Tumor-infiltrating lymphocytes (TILs)
Characteristics of TILs in TNBC
TILs are increasingly recognized as critical players in the breast tumor microenvironment (13). These TILs consist primarily of T cells and are frequently observed in breast cancers (14). All tumor subtypes generally exhibit a more pronounced infiltration at the invasive margin than in the tumor center (15). Most importantly, large variations were observed within each breast tumor subtype, especially in the quantity rather than the functionality of T cells (15).

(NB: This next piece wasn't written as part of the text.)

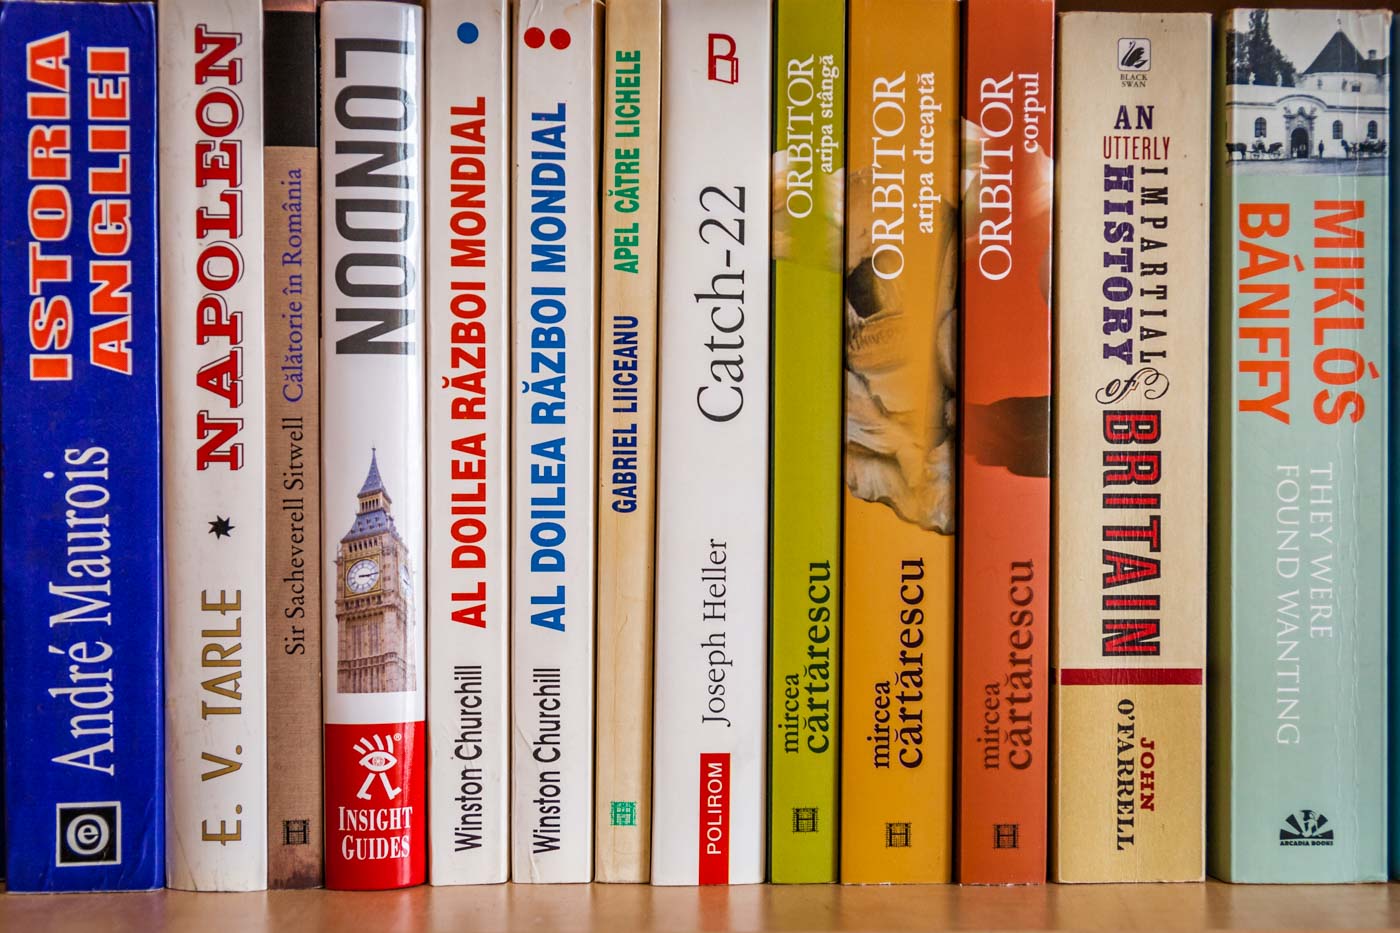 Books about Romania

As one of the most aggressive breast cancer phenotypes, TNBC exhibits a higher rate of TIL infiltration within the tumor environment (16), possibly as a result of somatic mutations that lead to the emergence of neo-antigens, which exacerbate the immune response (17). High-TIL tumors are more likely to be ER negative (18), and conspicuous T cell infiltration common among triple-negative and/or basal-like cancers (19). This feature may suggest that the underlying biological properties of various tumor subtypes be reflected by the density of infiltrated immune cells. TNBCs are also more likely to have >50% lymphocytic infiltrate, termed lymphocyte-predominant breast cancer (LPBC) (16), almost three times that observed in HR+ disease (20). When comparing luminal and non-luminal tumors, the latter has a significantly lower ratio in the tumor center but a higher ratio at the invasive margin (15).
The population of tumor-infiltrating T cells mainly composes of CD8+ cytotoxic T cells, CD4+ helper T cells and CD4+ regulatory T cells (Tregs). CD8+ T cells are the key effector cell population that mediate effective anti-tumor immunity, which improves clinical outcomes (21). The total number of CD8+ cells inversely correlates with ER and PR expression (22). Moreover, the density of CD8+ TILs is apparently higher in TNBCs (20).
Tregs are thought to protect the host and maintain systemic immune homeostasis to prevent autoimmune disease by suppressing self-reactive cells (23). In the tumor environment, T cells mediate the most important immunological response in tumor growth in the early stages of cancer but change to Tregs after chronic stimulation and interactions with tumor cells, which block anti-tumor responses (23) and promote, rather than inhibit, cancer development and progression (24). FoxP3 is a marker of immunosuppressive CD25+CD4+ regulatory T cells (25). The median number of FoxP3+T cells also directly correlates with prognosis (26). Specifically, TNBCs tend to have a higher average number of FoxP3-positive cells than other subtypes (20,26,27), and the ratio of FoxP3+ to CD8+ cells is the highest in basal-like tumors and the lowest in luminal A tumors both in the tumor and at the invasive margin (15). Moreover, luminal tumors generally have lower ratios than their non-luminal counterparts, especially at the tumor center (15).
The proportion of immune cells may also differ by sites: breast tumors tend to have a higher ratio of FoxP3+ cells to CD8+ cells in the tumor center, which corroborates other reports showing that tumors can recruit regulatory T-cells as part of their immune escape mechanism and are better adapted to the tumor microenvironment (15). Adaptive immunity seems to be much stronger in TNBCs. Since incidence of chromosomal instability is significantly higher in TNBC (28), a greater number of mutations increase the possibility that mutated protein sequences will be expressed and potentially recognized as novel antigens by the immune system, thereby inducing a stronger immune response to fight the tumor (16).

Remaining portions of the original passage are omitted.